The figures below are the results after five extensions and already we can see a Benford’s distribution.
Of course, we are not trying to model how rivers really form; we are illustrating a more fundamental property of numbers in general. If you make a series of percentage increases (or decreases) to a set of numbers, they will approximate to a Benford distribution.
The reason for this property of numbers is that numbers with different leading integers respond differently when changed in size. For example, if you take a number that starts with a one (say, 100) and make a 20 per cent change to it, then it becomes 120, which still begins with a one. But if you take a number beginning with nine (say, 900), then a 20 per cent change makes it 1,080 – which also begins with a one.
To put that another way:
The number one needs to increase by 100 per cent to become a two, the number five needs to increase by only 20 per cent to become a six and nine requires an increase of a measly 11.1 per cent to become a one. So the proportion of numbers starting with one goes up as we make changes, while the number starting with nine decreases and the rest change proportionately.
So, once you can see the pattern, you realise that Benford distribution isn’t an oddity, it is an inevitability. Is there a good, solid, mathematical underpinning to this?
Of course. Good resources for further study can be found by typing “Benford’s Law” into your preferred search engine and scanning the pages presented for mathematical equations.
But you really don’t need to understand the underlying mathematics in order to use and apply Benford’s Law. You just have to be able to see why the distribution is inevitable.
But what use is this knowledge?
Well, it’s good for fraud detection: you can ask the Arizona State Treasurer if you don’t believe me. In an example cited by accountancy journals for years after, a state employee was found guilty of trying to defraud the State of Arizona of around $1.8m in 1993. The staffer reportedly kept most of the fraudulent transactions just below a $100,000 limit, with an unusually large number starting with sevens, eights and nines. This resulted in a very non-Benford distribution and the example is held up as a classic case study in the effectiveness of using Benford’s to detect accounting fraud.
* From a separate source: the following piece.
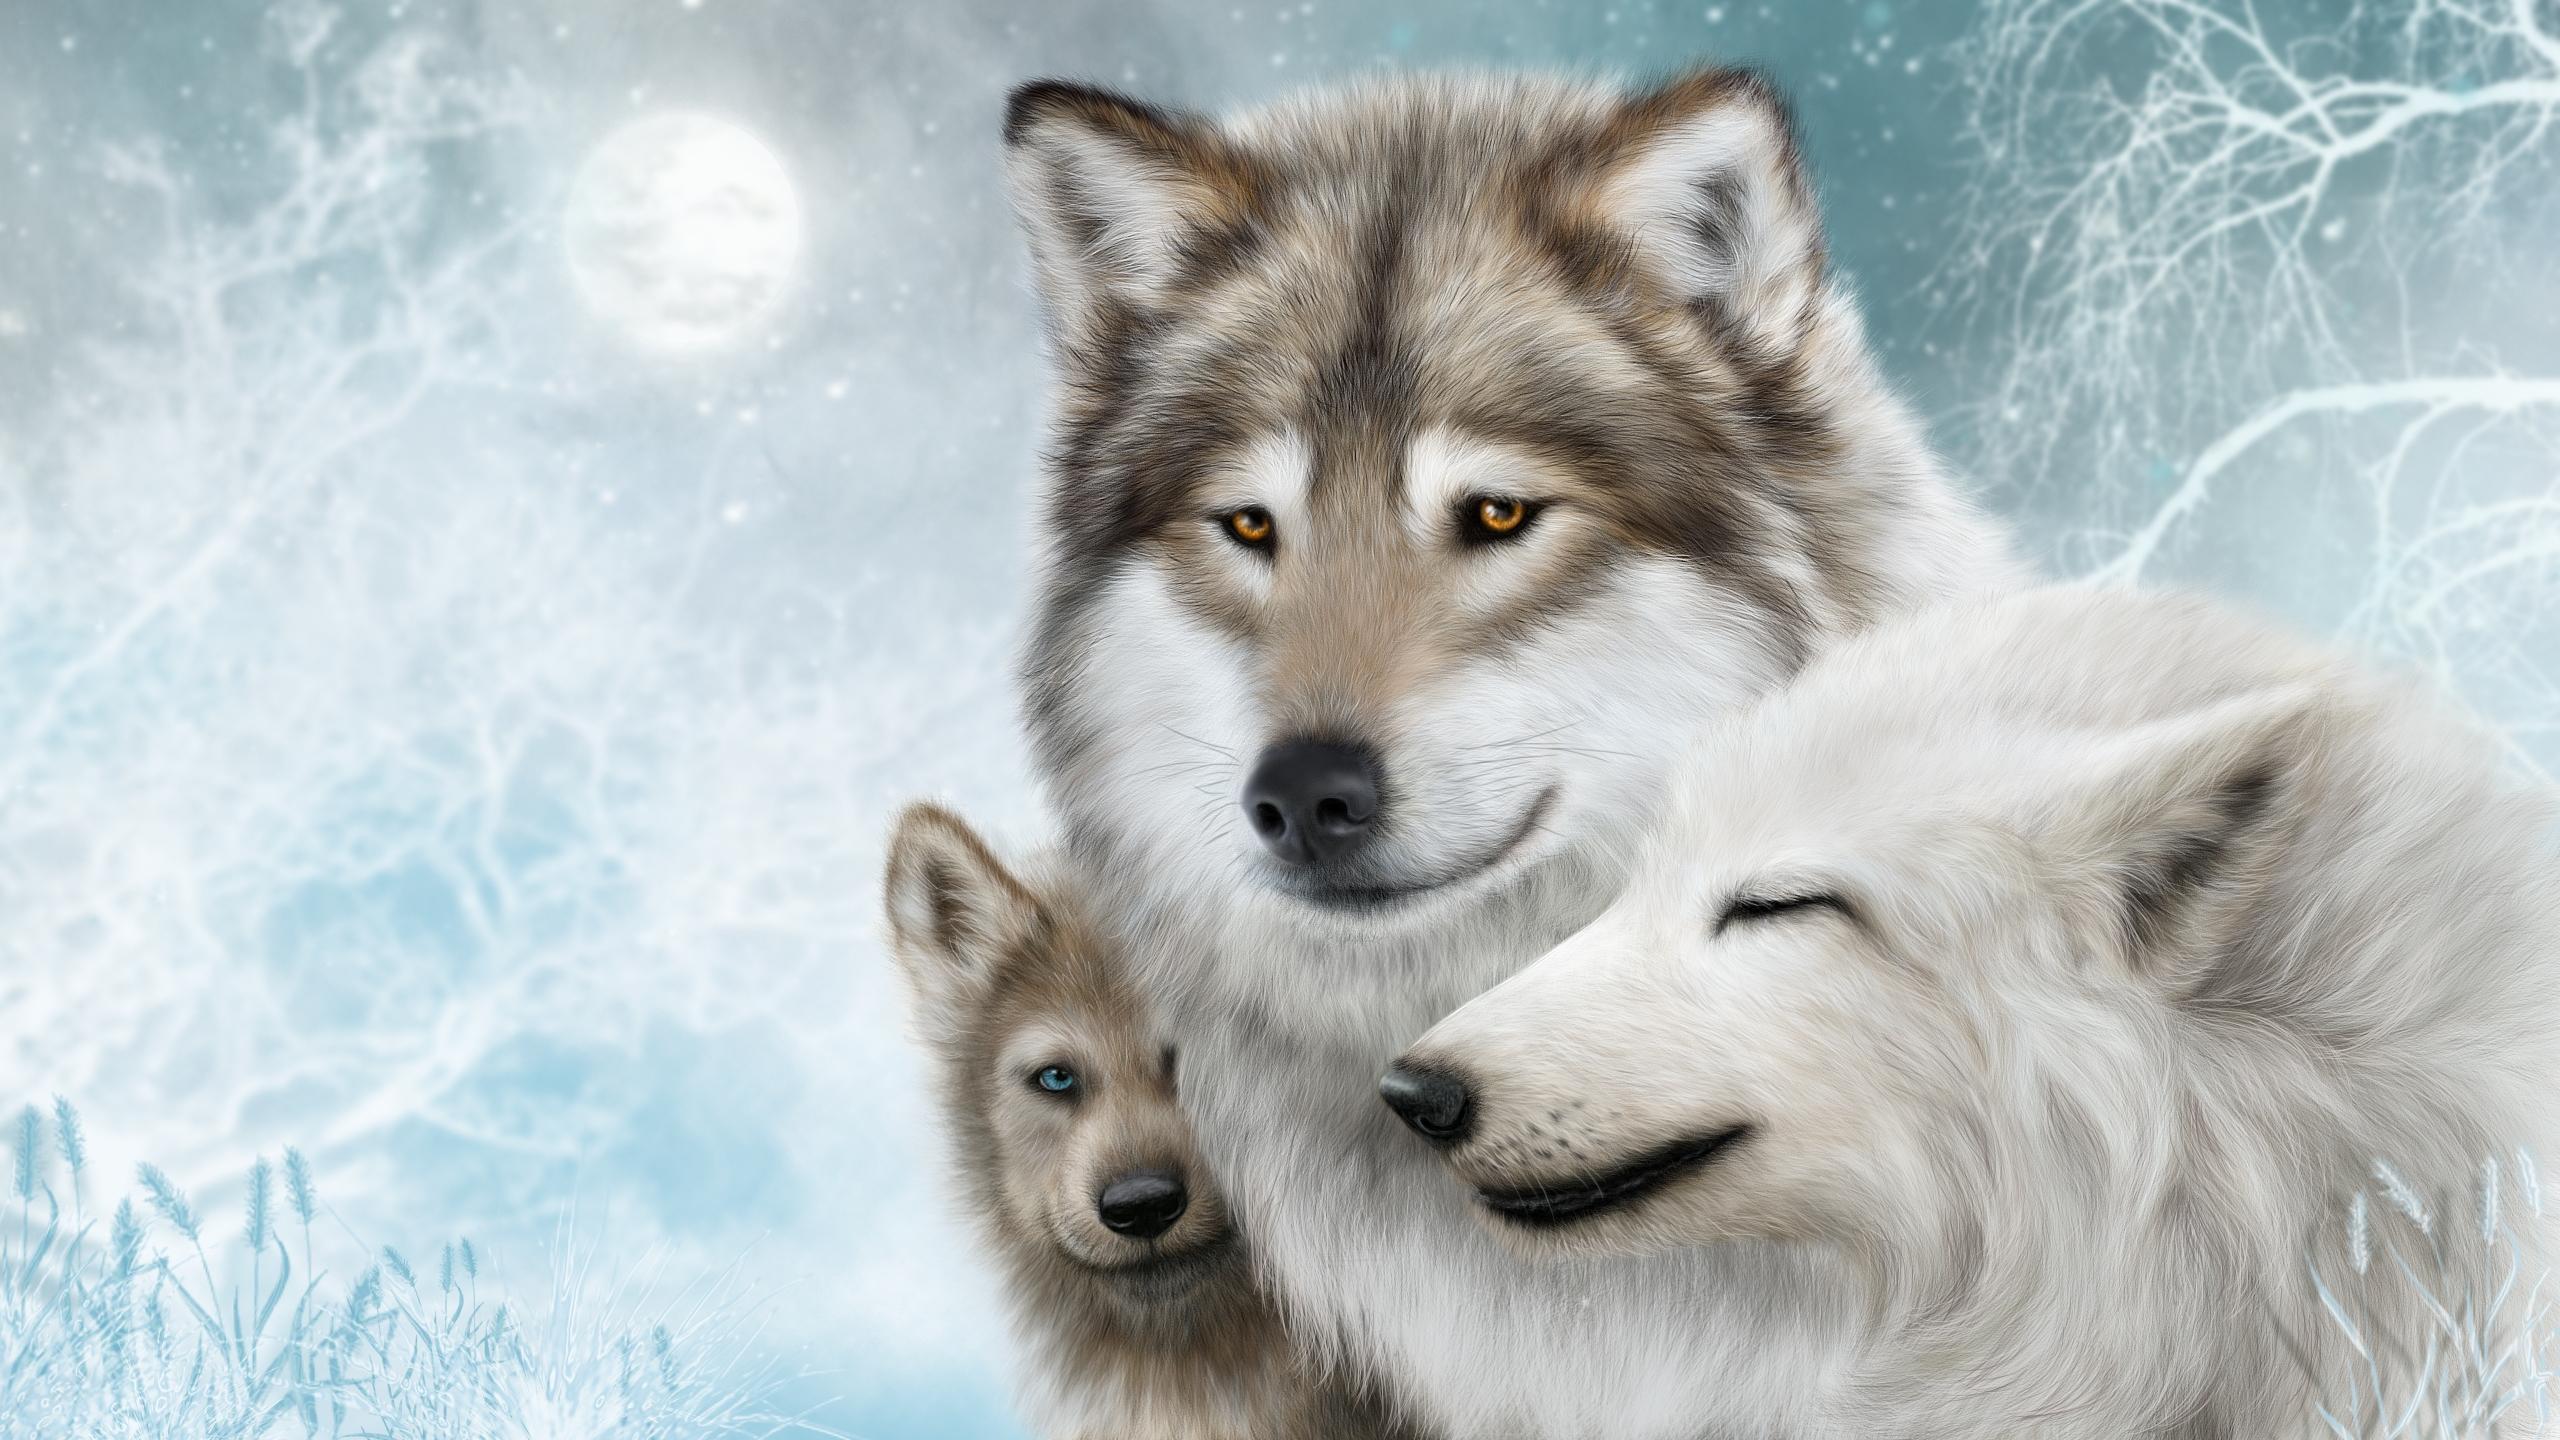 Nevada Wolf Pack Wallpaper: Wolf Painting Fondo De Pantalla HD

But fraud detection is simply one of many potential uses. Now that you know that wild collected numbers usually show this distribution, you can look for sets of numbers that deviate. For example, a colleague of mine found this leading integer distribution in some direct debit/catalogue payments.
There is no suggestion that this is fraudulent but it did tell him that the matter was worthy of further investigation because “something” is actively responsible for this deviation. And that something might just be the nugget of information that good data scientists are expected to find.
And that is the real take-home message. If you see a Benford distribution, then it really is a case of “move along folks, nothing to see here”. If you see anything else, investigate further. ®